EXERCISE REQUIREMENTS :: Begin at the line containing "the outer worlds release date switch" in the records below, end at the line containing "A child at Camp Hale is learning archery", and retype each line in that span exactly. No other line and no image should appear.

RECORDS FOR THIS TASK ::
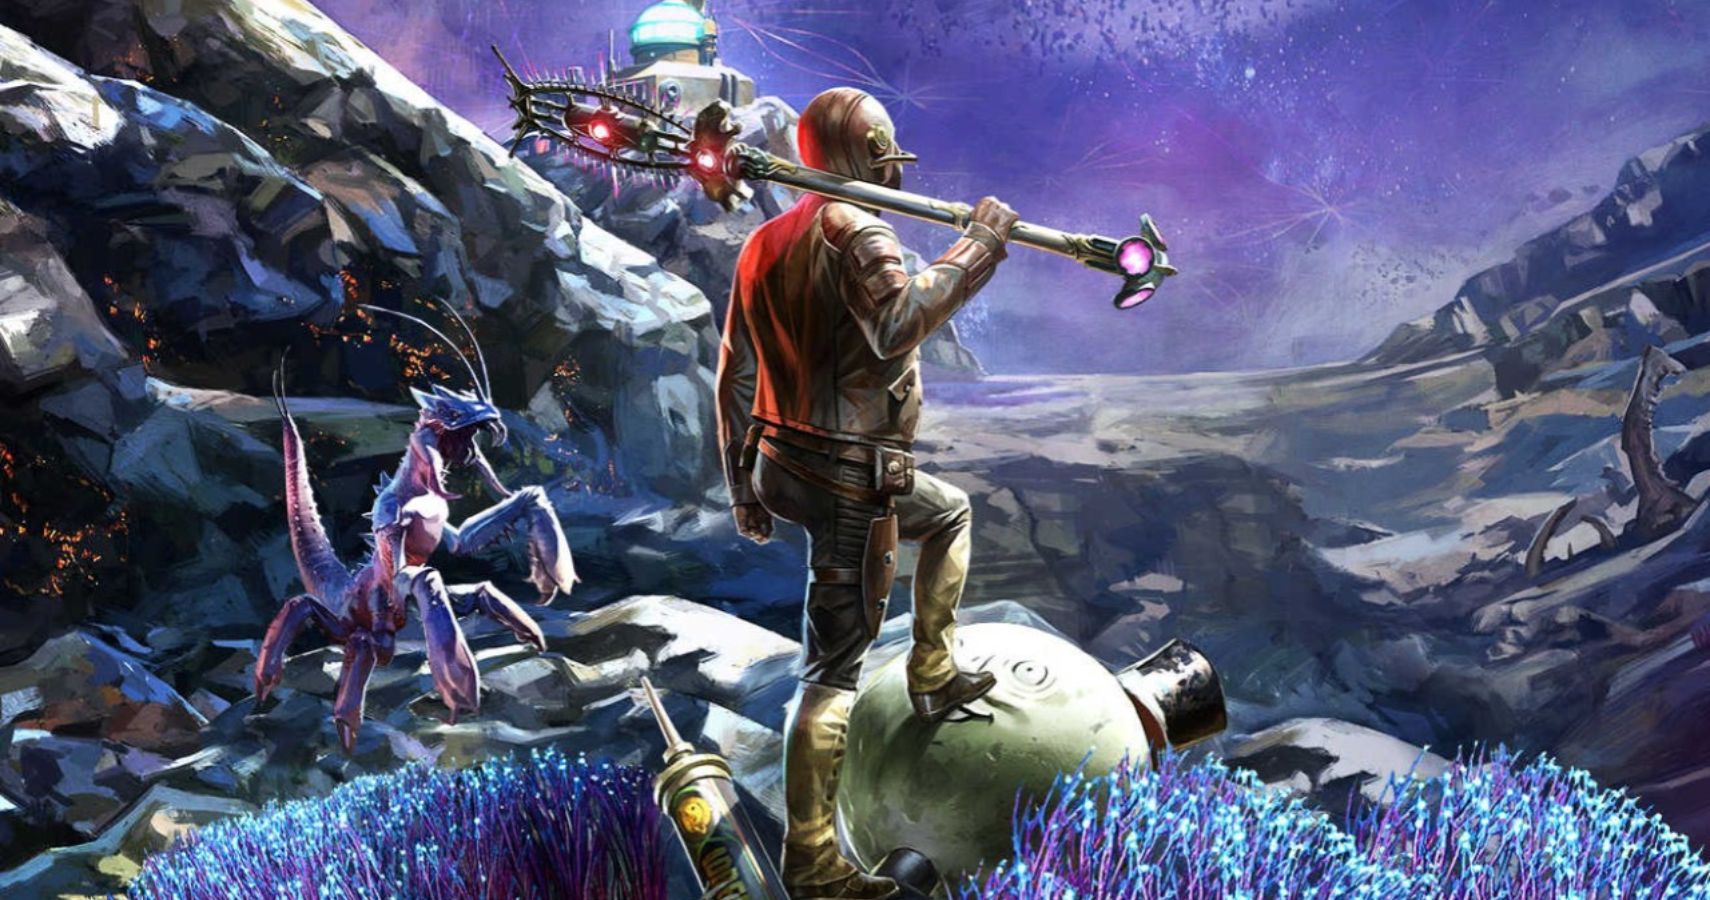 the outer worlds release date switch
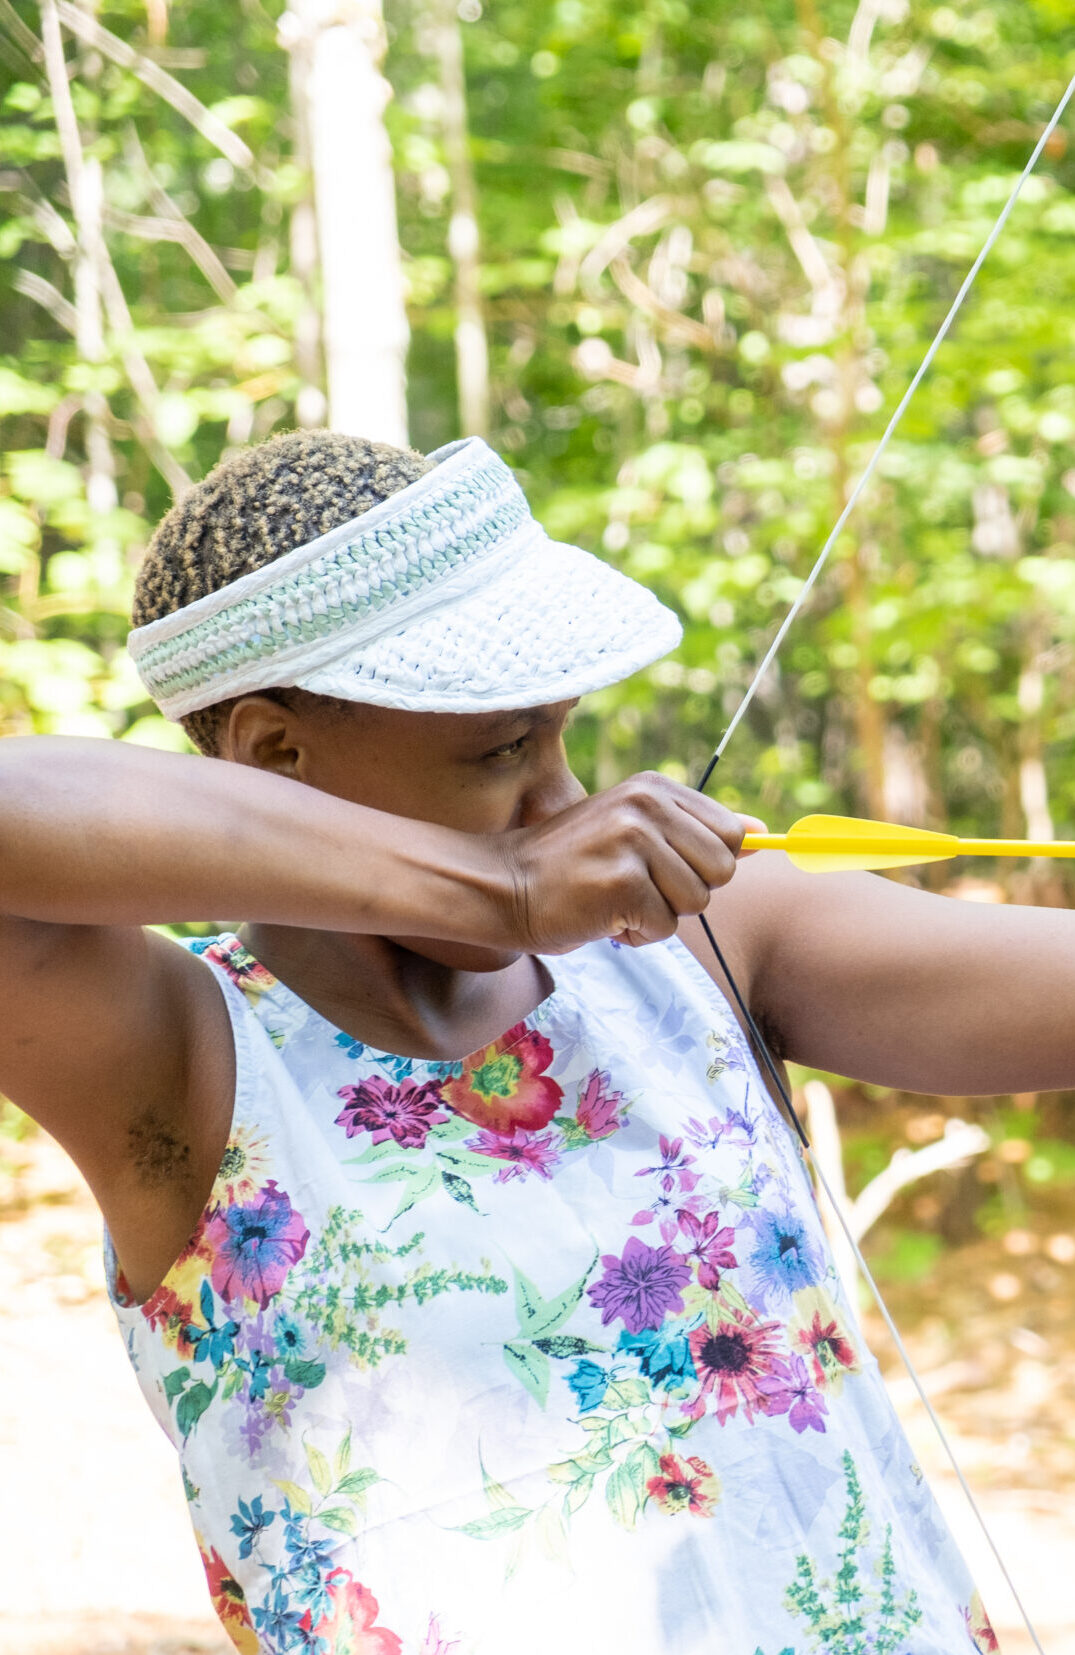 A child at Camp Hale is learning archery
--
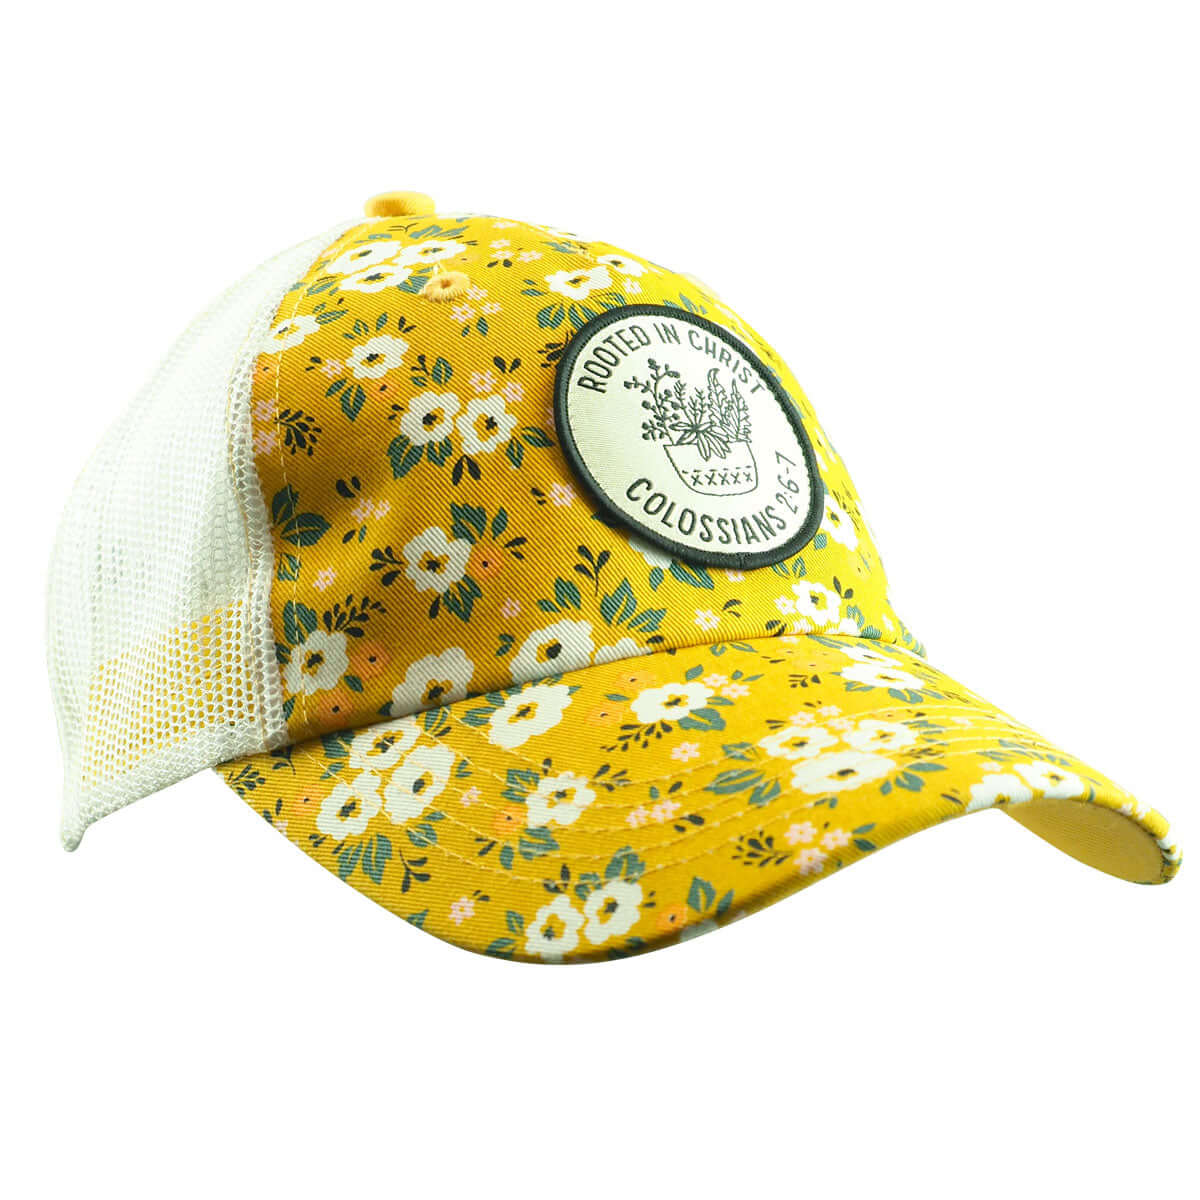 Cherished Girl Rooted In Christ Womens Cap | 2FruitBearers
...
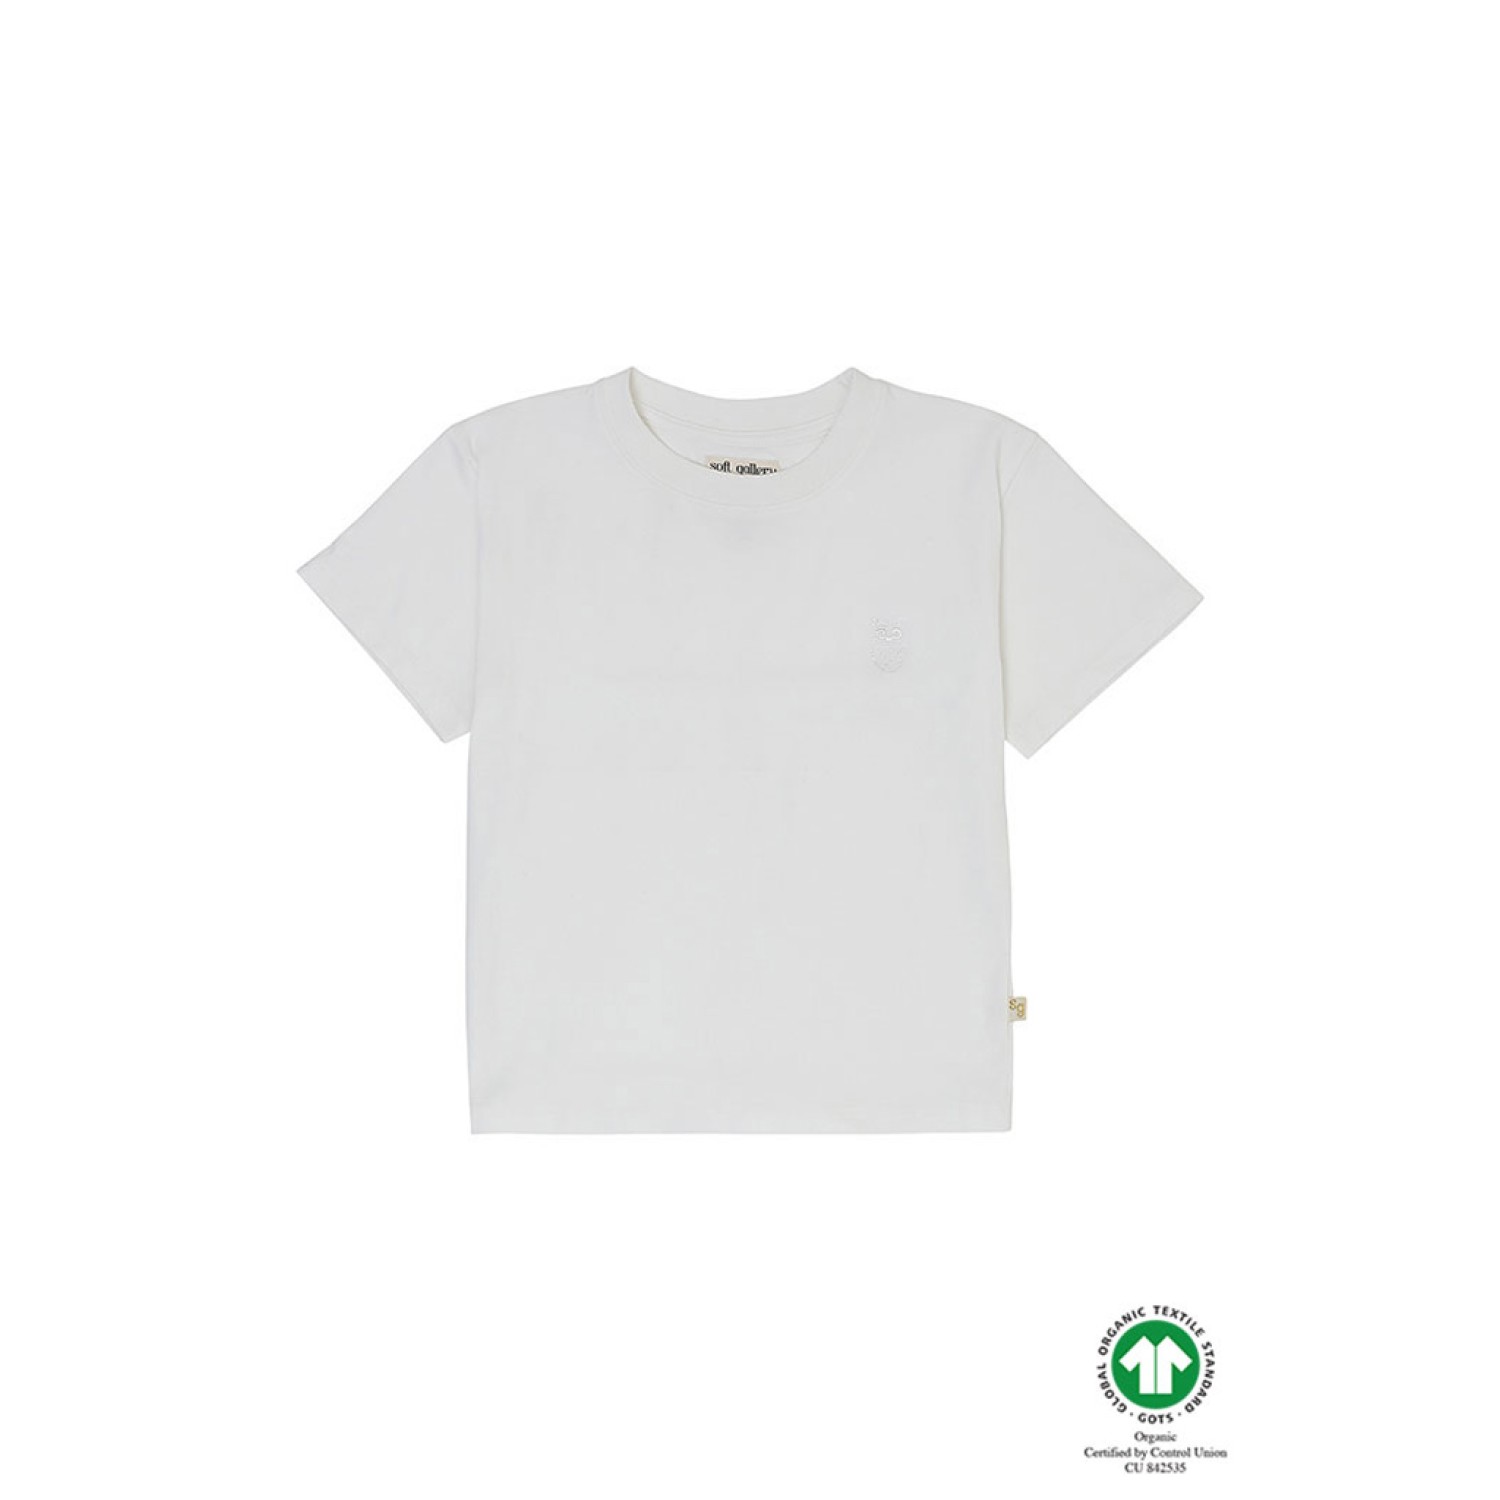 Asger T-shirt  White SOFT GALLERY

REPLY TO THE TASK ::
 the outer worlds release date switch
 A child at Camp Hale is learning archery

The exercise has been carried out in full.